Monday, November 29, 2010
Printing a ticket
I had a 5 PM bus out of Chennai, so I checked out of the hotel at 1, left my bags at the reception, and headed out to lunch with Billy. When we returned at 4 to take the luggage, I remembered I hadn’t yet printed my ticket, so asked the hotel manager if I could take a print.
“No problem,” he said, and handed me a business card. “Email it to me.”
Umm, from where? Maybe I could unpack my laptop, plugin a data card, go online, and send him the file. Or wait, the ticket was in Dropbox. I have a Dropbox app on my phone. Maybe I could email from the phone? Then I had to shake myself out of being a geek. This was going to take many precious minutes and I was in a rush. I simply asked him, “from where?”
He pointed at a computer meant for guests to check email. It was already powered on (minutes saved!) so I logged into Dropbox, opened the PDF file and hit Print. No printers configured. Then I saved it to Desktop, asked if he could open it over the network. Nope, he didn’t know what that was. Logged into Gmail, mailed him the file, logged out, and asked him to check.
“Not arrived,” he said.
“Refresh?”
He had Outlook on his desktop. I found his Refresh button and hit it, but no mail showed up. I was losing precious minutes, so I asked if I couldn’t just download it to his computer. He agreed. I logged into Dropbox again and located the file. It opened in Word and showed a lot of gibberish. Why was a PDF file opening in Word? I closed the window, downloaded it again, located it on the desktop, right clicked, and selected “Open With…”. The only available option was “Microsoft Word”. Didn’t he have Acrobat Reader? He had no idea what that was.

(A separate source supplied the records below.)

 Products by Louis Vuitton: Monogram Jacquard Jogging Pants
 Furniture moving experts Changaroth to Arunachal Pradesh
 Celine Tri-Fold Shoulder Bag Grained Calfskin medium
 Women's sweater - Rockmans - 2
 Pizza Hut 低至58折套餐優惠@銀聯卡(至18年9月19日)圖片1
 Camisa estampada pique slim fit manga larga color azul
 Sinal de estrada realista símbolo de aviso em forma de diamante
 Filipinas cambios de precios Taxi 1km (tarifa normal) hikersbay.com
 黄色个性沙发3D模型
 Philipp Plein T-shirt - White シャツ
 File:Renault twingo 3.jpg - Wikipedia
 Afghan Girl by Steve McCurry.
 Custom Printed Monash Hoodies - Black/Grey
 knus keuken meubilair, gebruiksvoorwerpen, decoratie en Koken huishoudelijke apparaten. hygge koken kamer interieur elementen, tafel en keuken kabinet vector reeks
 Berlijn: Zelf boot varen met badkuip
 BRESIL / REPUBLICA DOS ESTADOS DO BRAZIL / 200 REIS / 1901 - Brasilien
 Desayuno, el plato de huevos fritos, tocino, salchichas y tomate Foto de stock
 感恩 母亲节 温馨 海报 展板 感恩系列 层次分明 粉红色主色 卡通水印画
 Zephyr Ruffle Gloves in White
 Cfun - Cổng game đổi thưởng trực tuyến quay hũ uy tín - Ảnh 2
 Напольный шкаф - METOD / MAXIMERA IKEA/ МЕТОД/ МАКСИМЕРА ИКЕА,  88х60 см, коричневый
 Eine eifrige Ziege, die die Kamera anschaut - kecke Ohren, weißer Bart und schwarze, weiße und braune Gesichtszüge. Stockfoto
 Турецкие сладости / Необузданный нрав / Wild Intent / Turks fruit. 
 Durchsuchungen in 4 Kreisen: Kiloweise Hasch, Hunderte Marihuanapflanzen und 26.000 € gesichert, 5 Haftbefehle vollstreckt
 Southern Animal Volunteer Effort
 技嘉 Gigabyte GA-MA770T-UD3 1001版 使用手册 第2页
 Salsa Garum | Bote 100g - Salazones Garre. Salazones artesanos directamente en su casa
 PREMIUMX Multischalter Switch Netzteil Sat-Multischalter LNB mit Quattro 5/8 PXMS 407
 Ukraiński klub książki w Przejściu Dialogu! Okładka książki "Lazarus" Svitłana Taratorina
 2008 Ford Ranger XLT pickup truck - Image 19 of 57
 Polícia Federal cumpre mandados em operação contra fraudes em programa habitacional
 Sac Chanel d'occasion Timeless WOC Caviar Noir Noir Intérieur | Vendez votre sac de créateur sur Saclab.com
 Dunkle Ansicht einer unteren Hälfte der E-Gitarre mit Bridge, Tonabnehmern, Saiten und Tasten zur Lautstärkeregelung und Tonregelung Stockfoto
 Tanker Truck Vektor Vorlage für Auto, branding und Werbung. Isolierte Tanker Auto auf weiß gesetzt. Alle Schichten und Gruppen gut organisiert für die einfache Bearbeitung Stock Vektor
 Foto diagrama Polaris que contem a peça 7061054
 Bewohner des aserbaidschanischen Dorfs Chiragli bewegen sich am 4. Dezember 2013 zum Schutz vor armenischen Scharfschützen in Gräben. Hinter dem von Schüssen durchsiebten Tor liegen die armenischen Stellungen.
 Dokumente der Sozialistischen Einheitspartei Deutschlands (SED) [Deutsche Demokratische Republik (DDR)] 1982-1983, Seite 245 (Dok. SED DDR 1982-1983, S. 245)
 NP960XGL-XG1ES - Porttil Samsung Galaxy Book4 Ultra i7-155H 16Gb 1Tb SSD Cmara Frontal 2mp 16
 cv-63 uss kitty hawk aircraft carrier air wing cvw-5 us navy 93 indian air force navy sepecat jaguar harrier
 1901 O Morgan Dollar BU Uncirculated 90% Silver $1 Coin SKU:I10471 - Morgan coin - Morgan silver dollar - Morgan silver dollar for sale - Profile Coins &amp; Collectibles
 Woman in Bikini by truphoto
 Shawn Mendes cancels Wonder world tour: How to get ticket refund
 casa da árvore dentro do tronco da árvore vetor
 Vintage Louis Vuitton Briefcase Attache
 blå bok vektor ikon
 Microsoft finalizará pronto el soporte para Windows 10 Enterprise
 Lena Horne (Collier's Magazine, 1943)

What kind of hotel has never had to deal with a PDF file before?
“What do I do now?”
“Email it to me.”
“But you don’t have Acrobat Reader.”
“Then you talk to my office manager.”
And he pointed me to a third computer with a chap sitting at it. I explained to him that I needed to print a PDF file and one computer didn’t have a printer while the other didn’t have a PDF reader. He said “no problem, email it to me.” I said the file was already on two computers, couldn’t he just take it off the LAN? “No, that’s not configured.”
Then he suggested I download it again to his computer. This time, finally, he had both a printer and a PDF reader.